To reporters Shan described his group's action so far as "defending a park that is merely symbolic". (And as if to diminish its importance further, the New York Times rendered this quote oddly, perhaps through a mishearing, as "nearly symbolic".)

You do have to be careful with this symbolism business. The Bloomberg Plan, crafted carefully with Police Commissioner Ray Kelly's considerable input of caution, seemed not to have foreseen one PR problem. Early and repeated tweets established currency for a damaging story posted at 2:44am on Occupy Wall Street's own site. It concerned, of all obvious and predictable things, the encampment's makeshift public library.

2011-11-17-Libraryofthepeople.jpg

The post claimed:

NYPD destroys OWS Library. 5,000 donated books in dumpster.
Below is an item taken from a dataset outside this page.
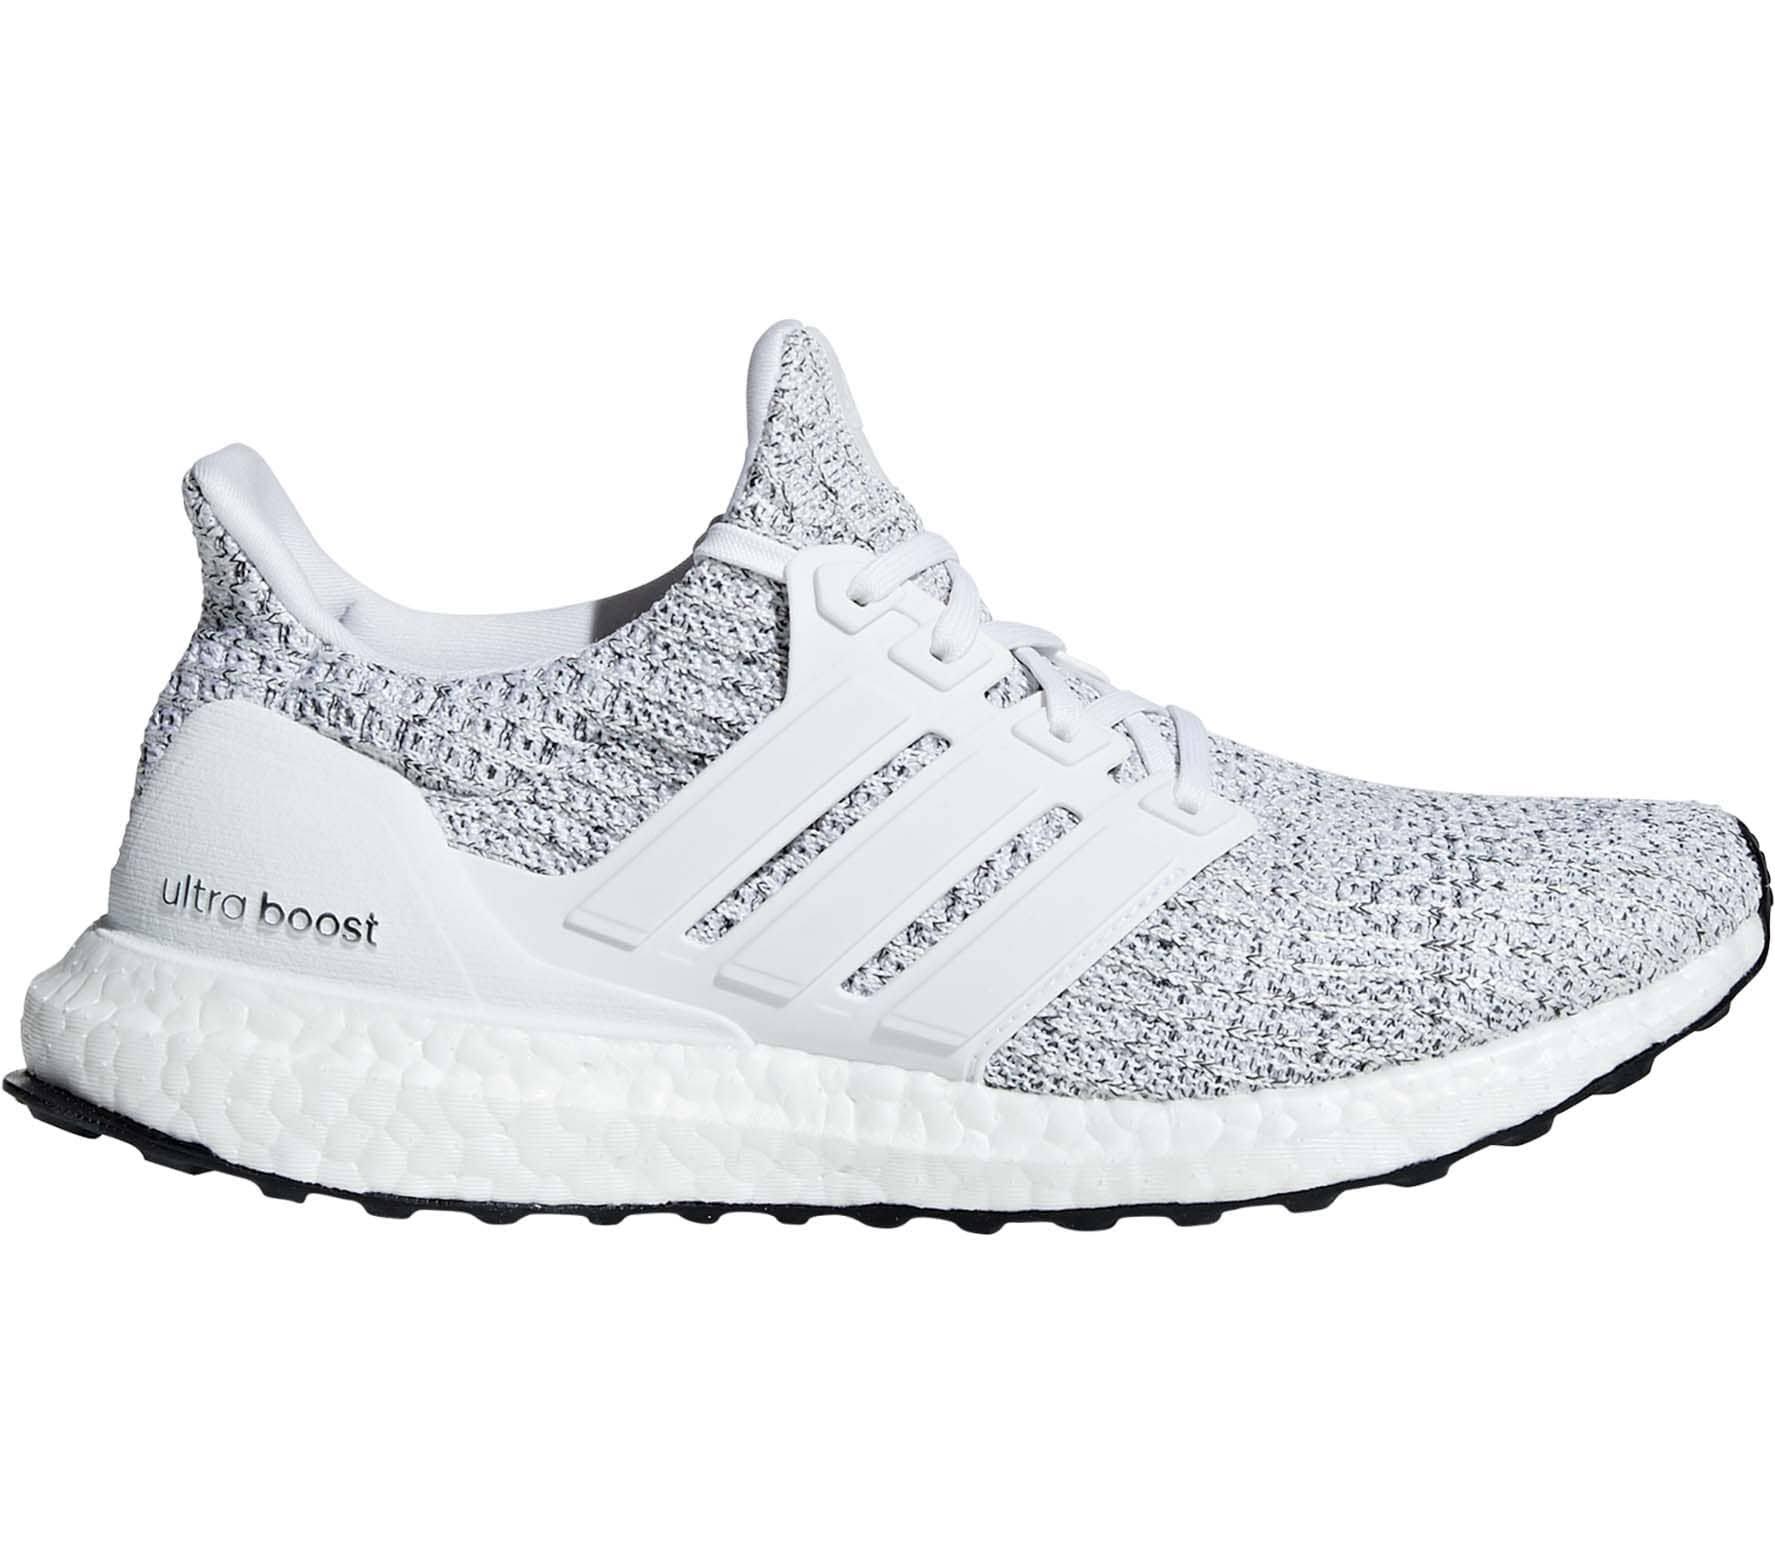 Sneaker Hellgrau 37 Grau Boost Performance Adidas weiß W Ultra xqIIZS
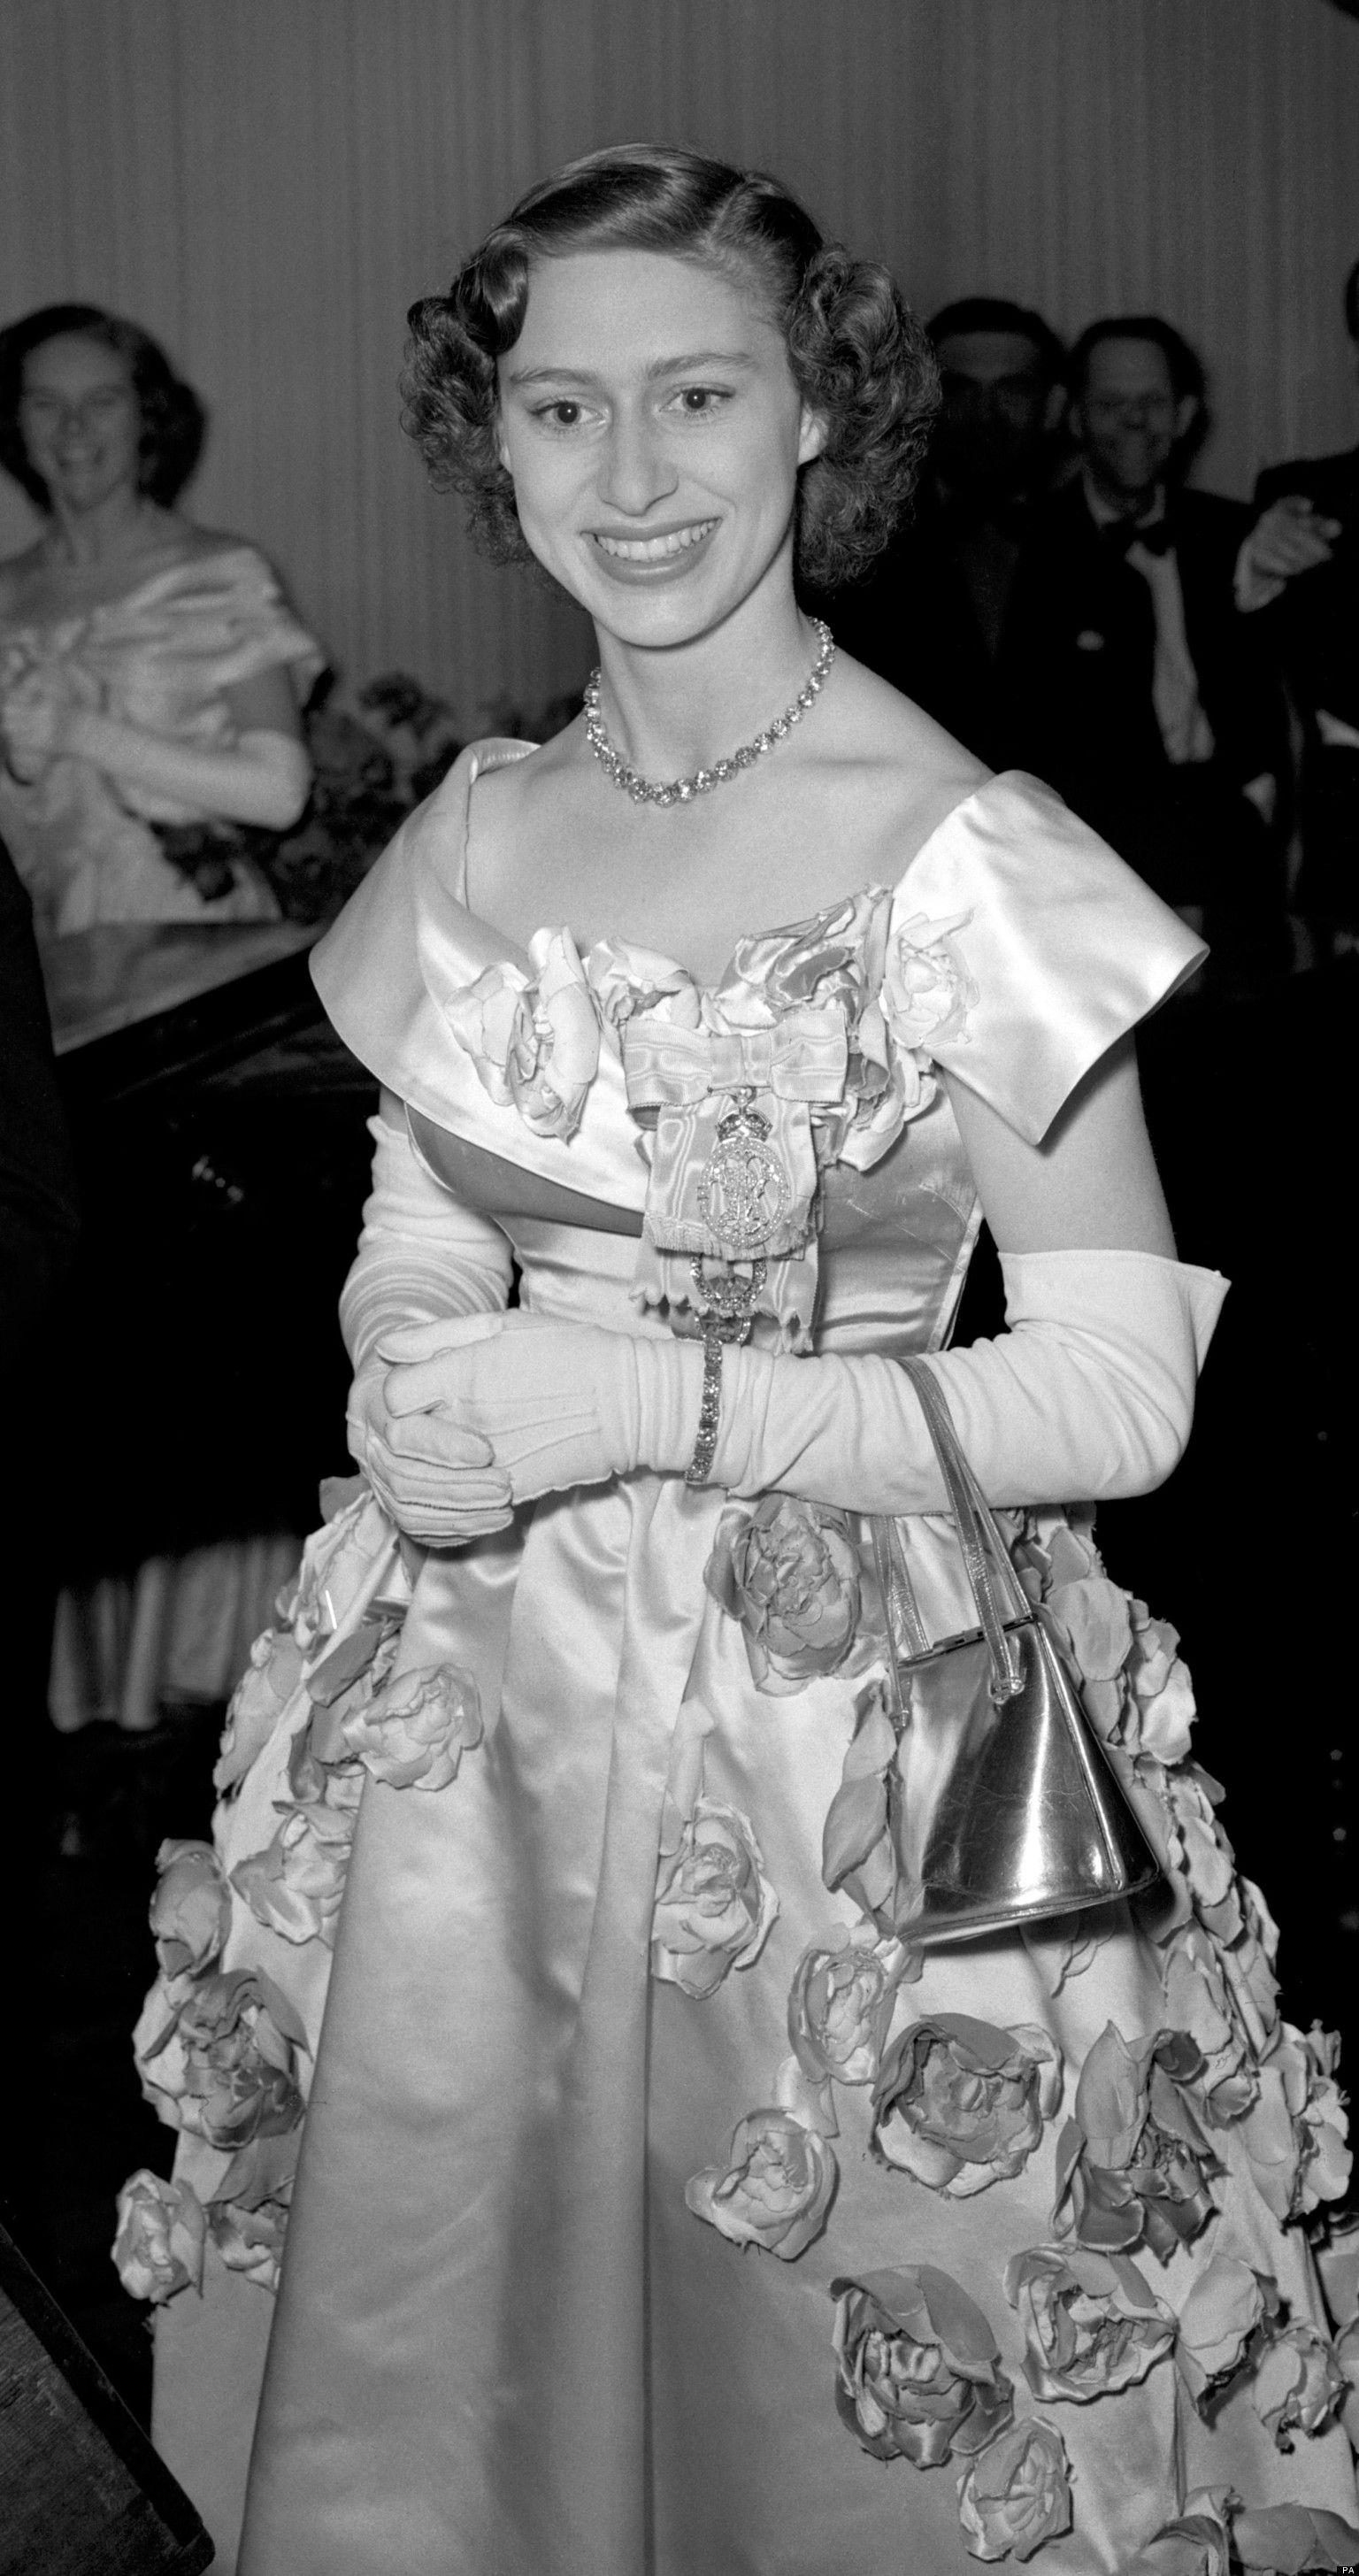 Princess Margaret Had 'Simple Tastes' In Food And Drink

NYPD destroying american cultural history, they're destroying the documents, the books, the artwork of an event in our nation's history ... Will they burn them?

Could this apparent outrage - denounced with an inevitable if exaggerated allusion to Joseph Goebbels' 1933 Berlin book-burnings - really have been ordered by Mayor Bloomberg, the same man who regularly graces the literary Young Lions event at the New York Public Library ... and who generally revels in his financial support for the world of books generally, including some proud sponsorship of the Kenyon Review's Literary Achievement Award ... and most of all the same man who spoke so eloquently against Nazi horrors at the inauguration of Israel's Yad Vashem museum, and extolled the US Constitution's First Amendment as "our freedom to profess our own faiths, to speak our own minds"?

It didn't look good - and the Washington Post compounded things by publishing video of protestor Michael Glazer complaining on the phone that his Torah had been seized and dumped along with all the other books.

In City Hall, damage-control was determinedly ramped up in the image-managers' orders of the day. It took some time, though.

2011-11-17-CrfoppedLibraryStorage.jpgIt was in the afternoon of Tuesday that this supposedly reassuring picture was finally issued by the Bloomberg Administration.

Along with it came this abbreviated, Twitter-ready message:

Property from #Zuccotti, incl #OWS library, safely stored @ 57th St Sanit Garage; can be picked up Weds.

So a trip to the Sanitation Department's garage on West 57th Street will convince us that Bloomberg is not a book-burner. But I'm not persuaded he's a winner in this particular skirmish on the communications battlefield.